Sharding and Replication
Sharding and Replication
Sharding
Each Zulia index is split into a fixed number of shards (set with numberOfShards at index creation). Shards are distributed across the nodes in the cluster, allowing a single index to scale beyond one machine. Writes are routed to the shard that owns a document’s unique id, and queries are federated across all shards and merged before being returned to the client.
Faceting with Sharding
When sharding is enabled and when a facet contains more values then are returned, counts will represent a lower bound. Each facet will also contains a max error for the count. The count + max_error equals the upper bound for the count. To reduce the error, set shard facets (setTopNShard in Java Client) higher than its default of 10 x topN or to -1 to request all for an exact count. This will request more results from each shard but not return them to the client.
Replication
Set numberOfReplicas greater than 0 to keep additional copies of each shard on other nodes. Primary shards stream their committed Lucene segments to the configured replicas using a per-shard generation gate, a virtual-thread executor, a per-replica circuit breaker, and a shared bandwidth rate limiter (default 60 MiB/s). A 30-second watchdog recovers from missed checkpoints.
Replicas serve queries from their local segment copies and can take over if a primary node fails. Replicas advertise their Lucene version, and a primary refuses to ship segments to a replica whose Lucene version is older than its own (it requires replicaVersion >= primaryVersion), so operators can roll Lucene upgrades replica-first.

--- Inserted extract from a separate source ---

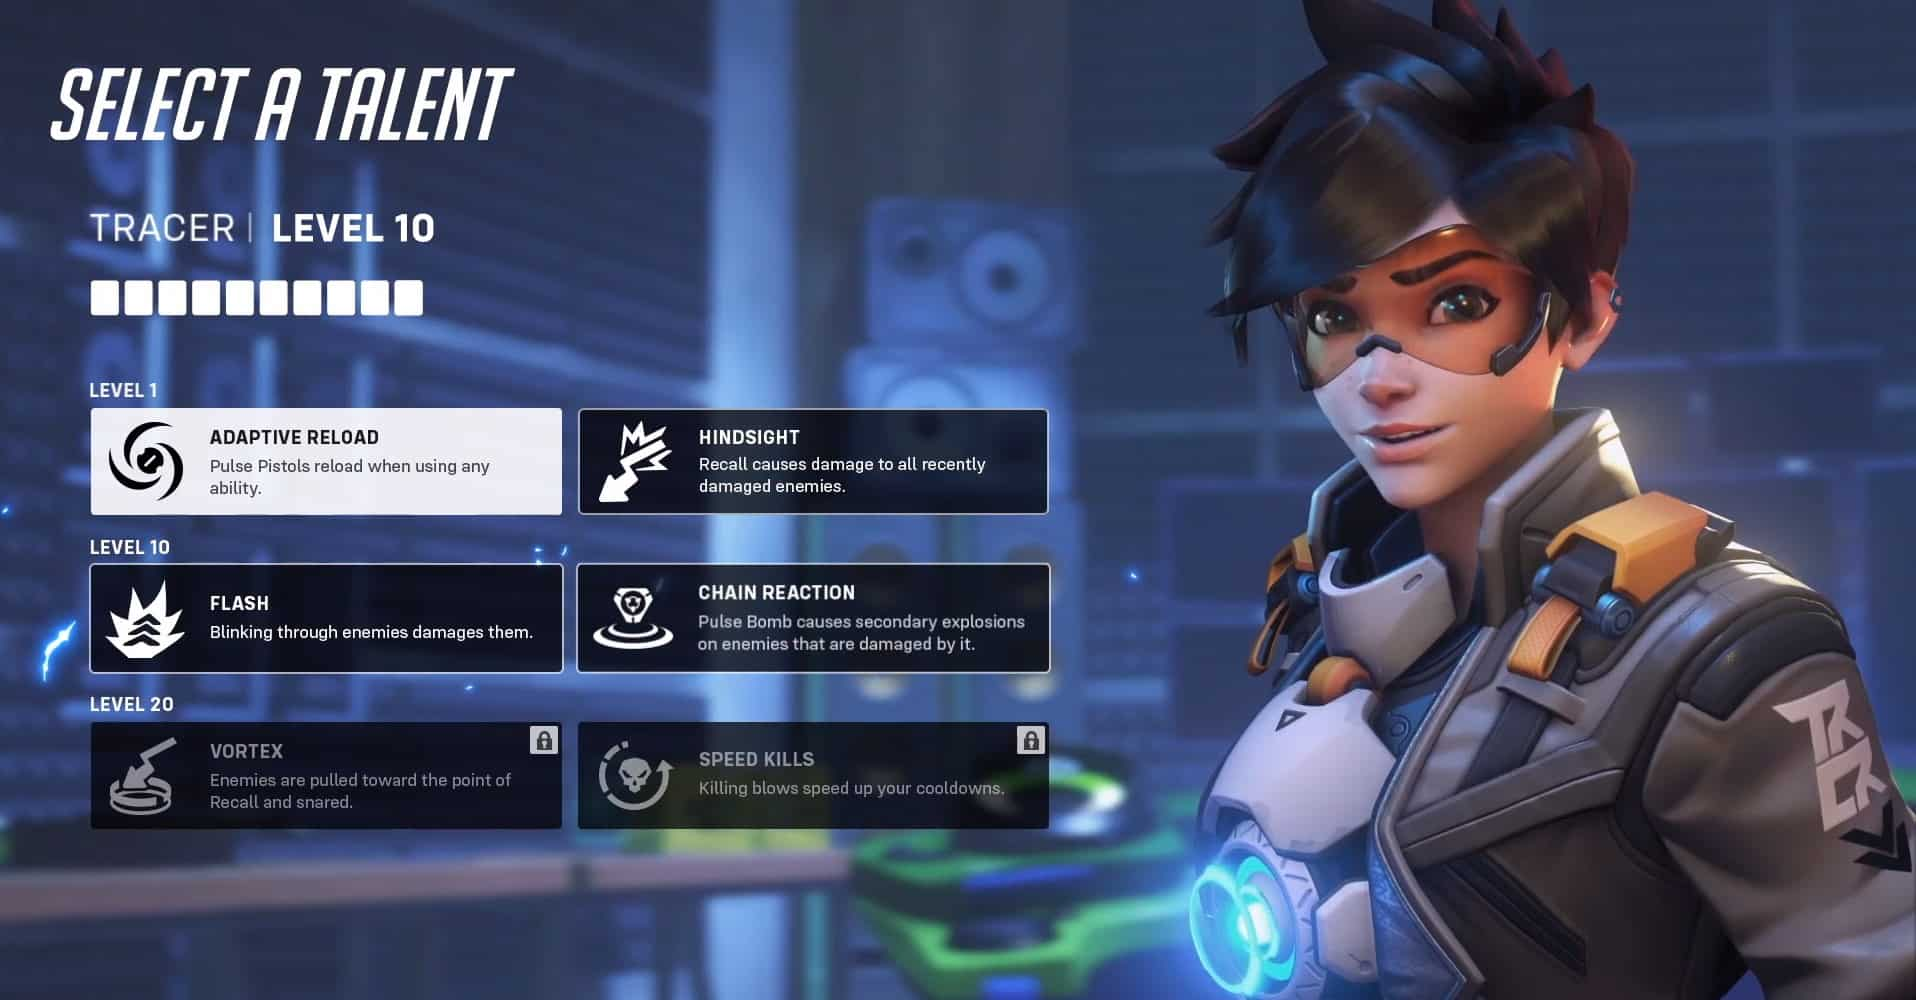 overwatch-2-talents-nouveautes-blizzcon-niveaux-heros-tracer-leak
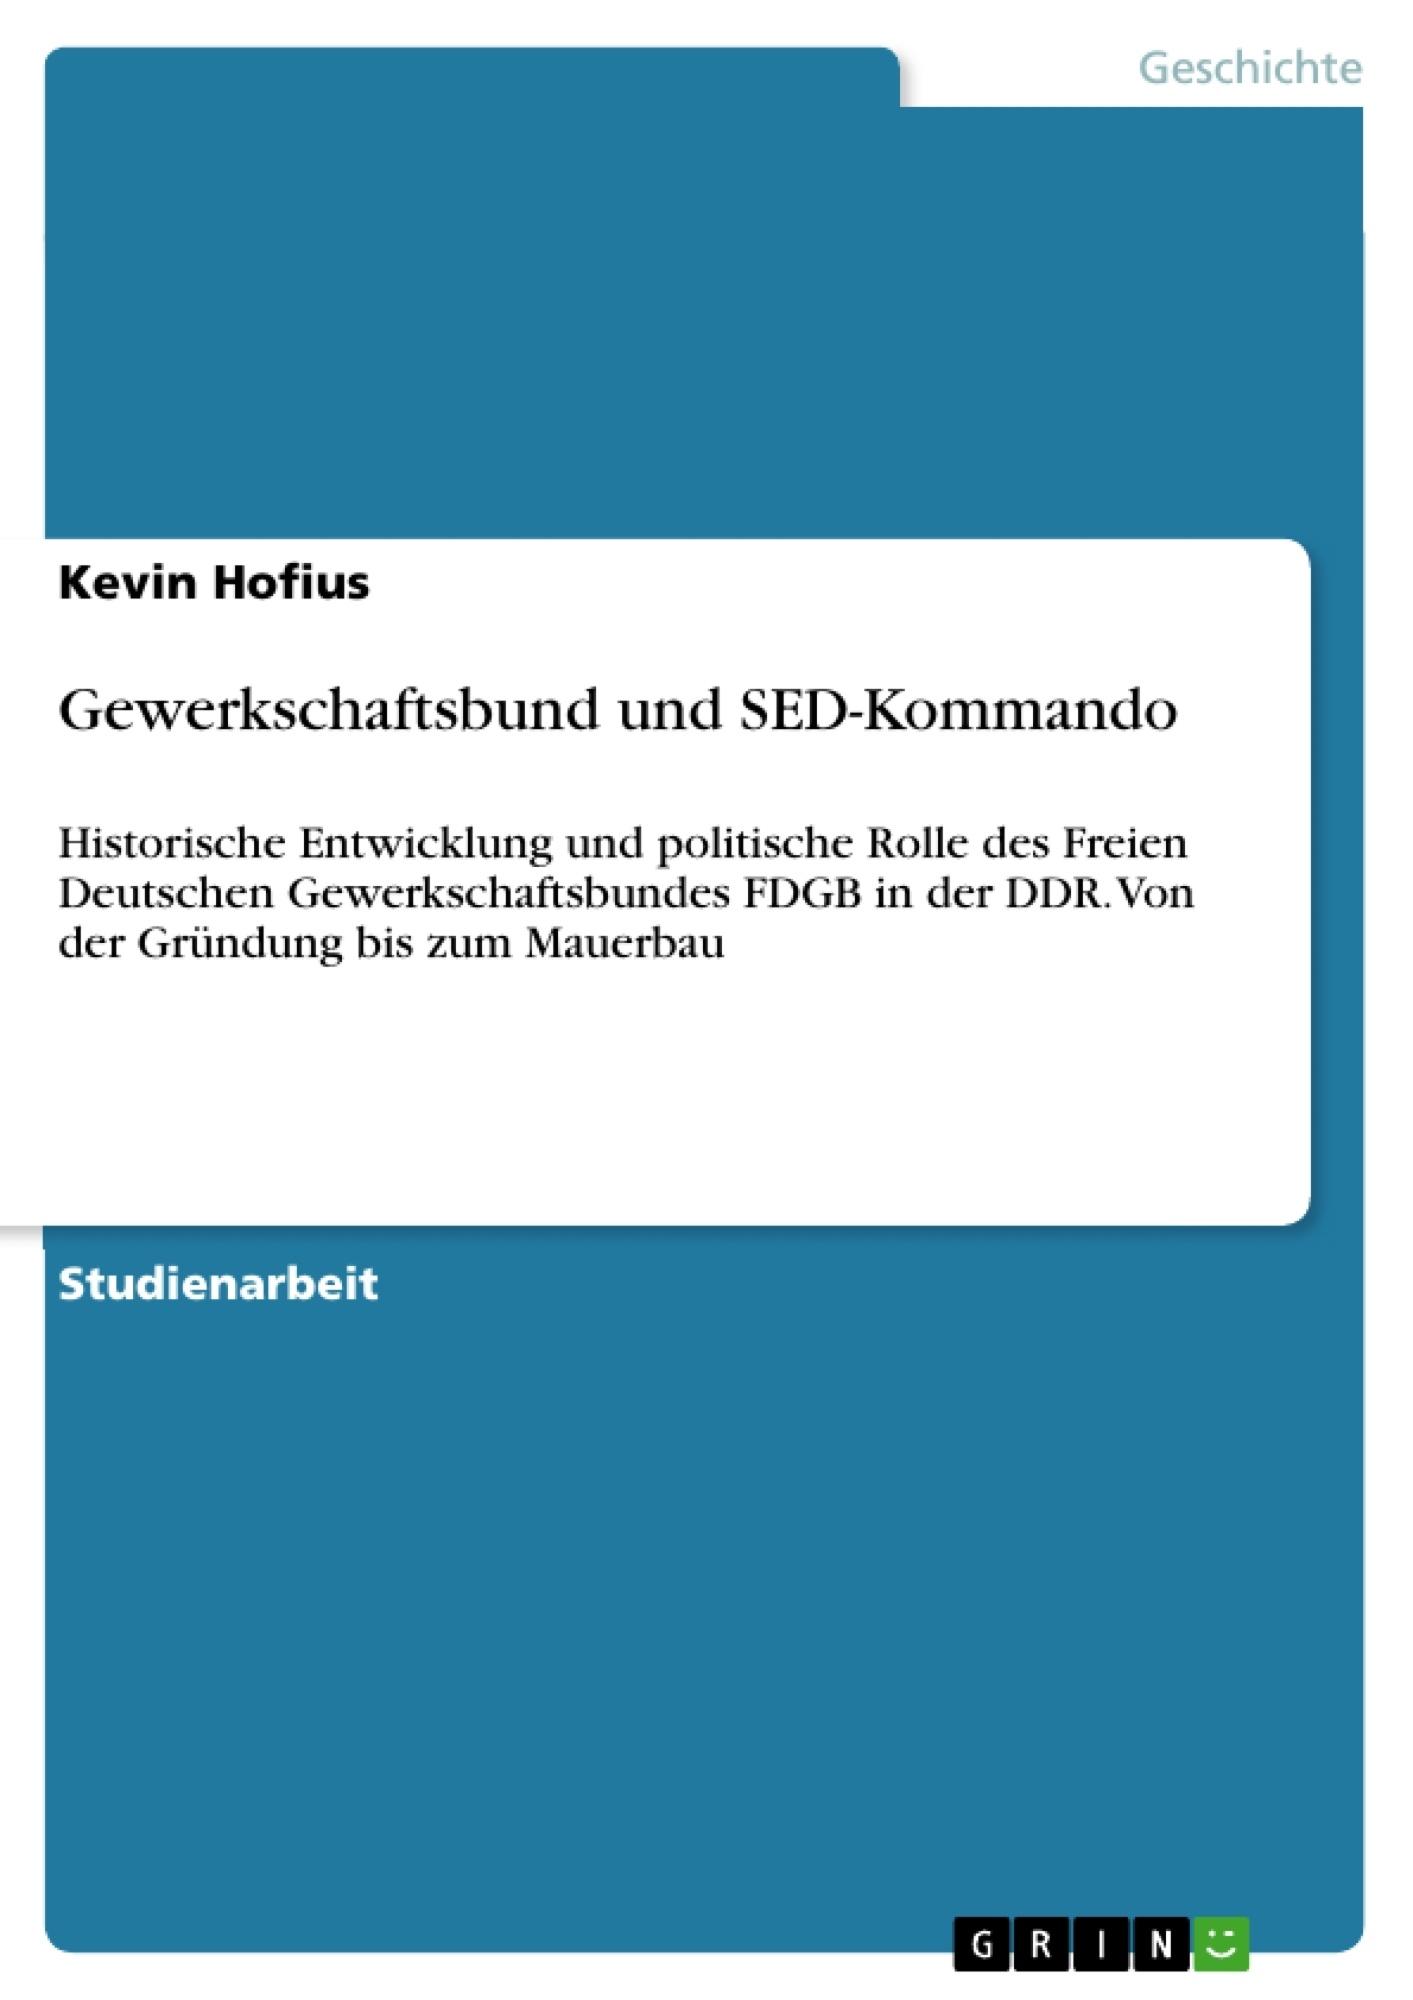 Titel: Gewerkschaftsbund und SED-Kommando

Changing the replica count on a live index
The number of replicas is no longer fixed at index creation. It can be increased or decreased on an existing index with UpdateIndex (Java client) or with zuliaadmin updateIndex --index <name> --numberOfReplicas <n>, without recreating the index. Previously this operation threw “Cannot change replication factor for existing index yet”.
Tuning replication
Two node-level settings in zulia.yaml control replication transfers (see Install):
replicaResponseTimeout- minutes allowed for a single segment-file stream to a replica (default 10).replicationMaxBytesPerSec- aggregate replication bandwidth cap leaving the node, in bytes/sec (default 60 MiB/s;0disables the cap).
Monitoring replication
The GET /replication/{indexName} REST endpoint reports per-shard and per-replica progress: last attempted generation, replica lag, last-success timestamp, consecutive failures, and circuit-breaker state. See Rest-Service.